Se a soma destes factos deixou aquele Sporting mais próximo ou mais longe dos vícios daquilo que agora Varandas identifica como “portismo”, a maneira de fazer as coisas que Pinto da Costa instituiu e Luís Filipe Vieira adotou, caberá a cada um fazer a sua interpretação. Certo é que, hoje em dia, nenhum dos “rostos do sistema” está já no futebol para exercer a sua influência. E que é das lideranças postas em campo que mais dependem os sucessos ou os insucessos de cada equipa. Varandas tem hoje nas mãos um Sporting que é mais apetecível. Já não enfrenta a desconfiança do outro lado da mesa quando quer contratar jogadores, como lhe aconteceu quando foi buscar Nuno Santos ao Rio Ave. Se optou pelo modelo bicéfalo na direção do futebol, com um diretor-geral e um diretor de scouting a reportarem a ele mesmo, não há-de-ter sido por falta de candidaturas a ocupar o cargo de Viana. Foi porque assim o quis. Da mesma forma, quando chegar o dia em que terá de substituir Amorim, o presidente não ouvirá tantas negativas como ouviu quando quis contratar o seu primeiro treinador para o clube. Terá pela frente o embaraço da escolha. O futuro de Varandas está mais livre desse tipo de obstáculos de que se revestiu o seu passado, mas nem por isso será mais fácil, porque será um futuro de responsabilização. Não é justo que se diga que foi Amorim que fez Varandas, mas é verdade que muito do legado de Varandas dependerá do que fizer no pós-Amorim.
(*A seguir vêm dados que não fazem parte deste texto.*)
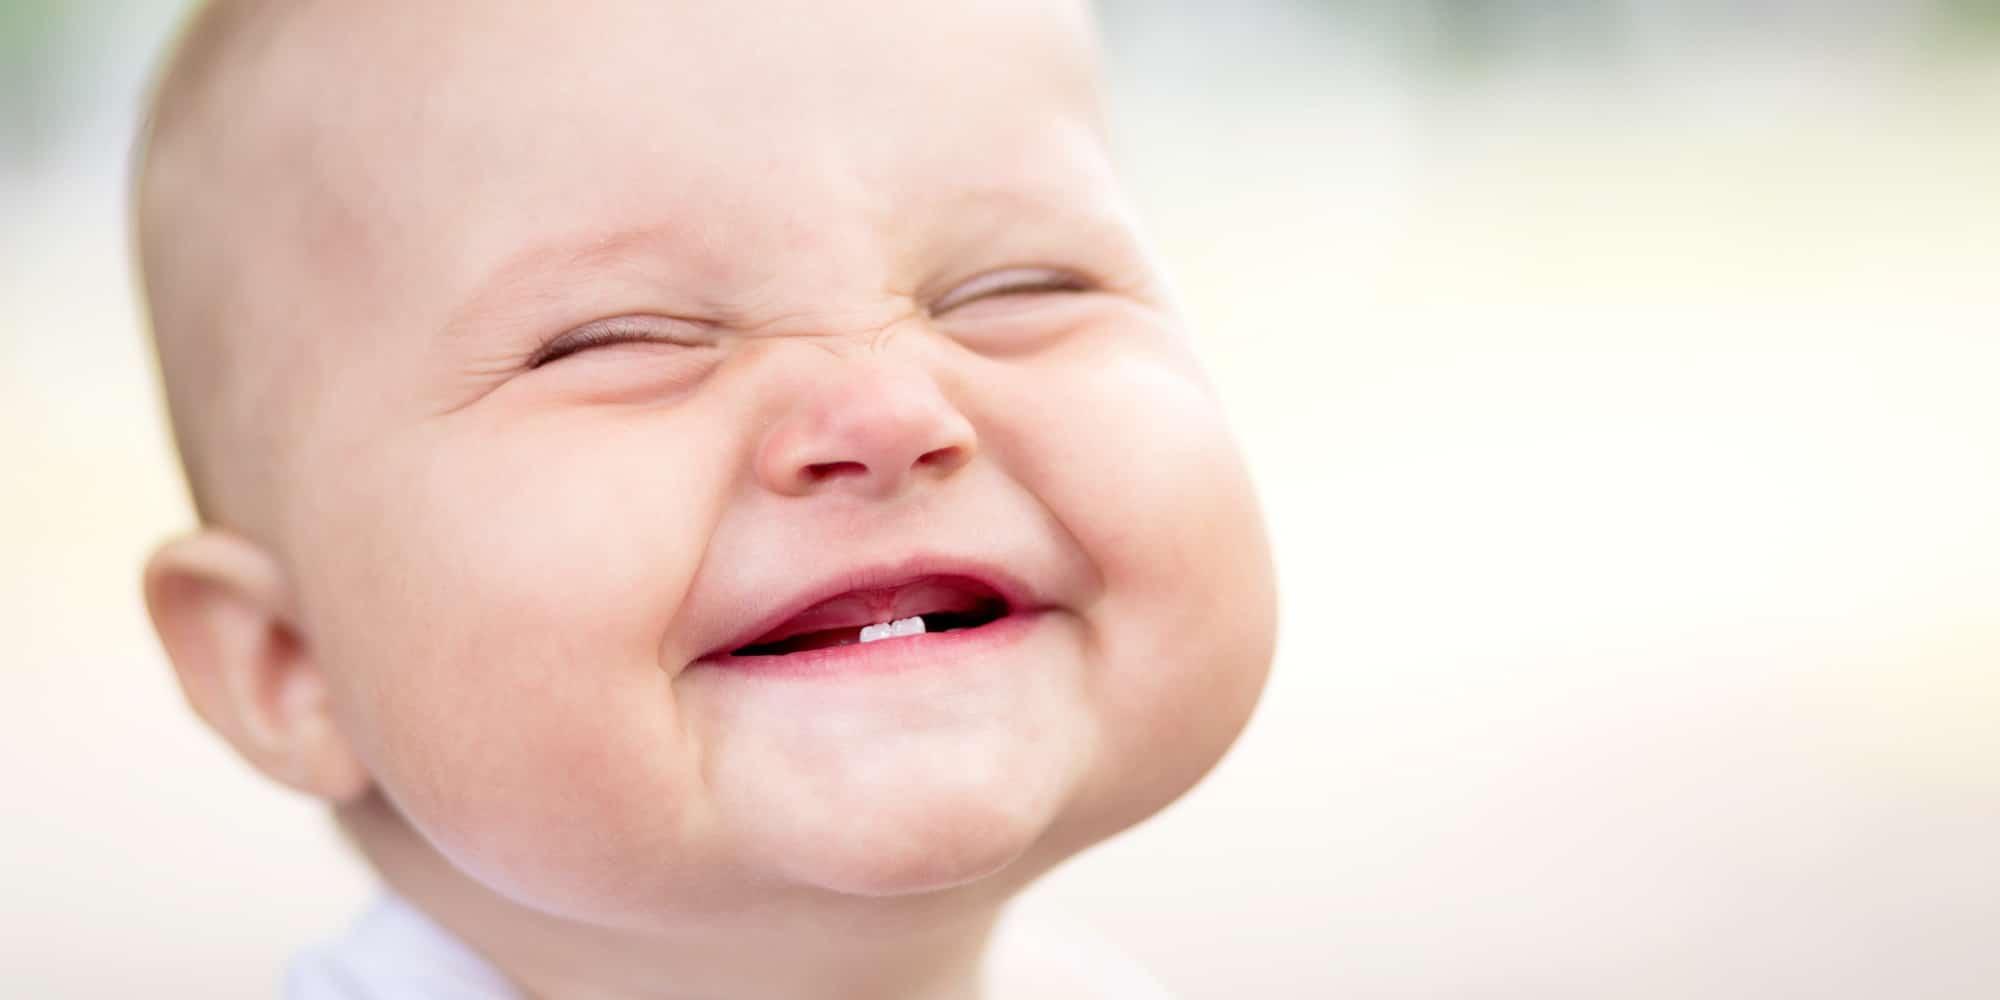 علاج قشرة الحليب عند الرضيع

Sem desculpas.
Por muito que Vieira goste de se auto-elogiar pela equipa - fora de campo - que construiu no Benfica, não há como não pensar que tempo teria Vieira no clube Luz, se em 2009 não substitui Quique Flores por Jorge Jesus. Acho que quer Vieira, quer Varandas são dirigentes que dependeram/dependem muito dos líderes de campo que escolheram/escolhem. Nesse aspeto, Pinto da Costa continua a solo, enquanto orquestrador de todo um edifício sustentável de vitórias. Com tudo o que isso possa ter de elogiável ou desprezível.
Varandas acaba por confessar que a contratação de Amorim mais não foi que sorte, claramente um acto de loucura que finalmente resultou, pois nem a primeira, nem a segunda, nem a terceira opção era, mas sim o que aceitou o desafio e Varandas pagou um absurdo por ele. Felizmente teve sorte e Varandas percebeu que o melhor para todos era deixar quem sabe trabalhar e não atrapalhar. Esperemos que caso Amorim venha a sair, tenha a sorte novamente do seu lado.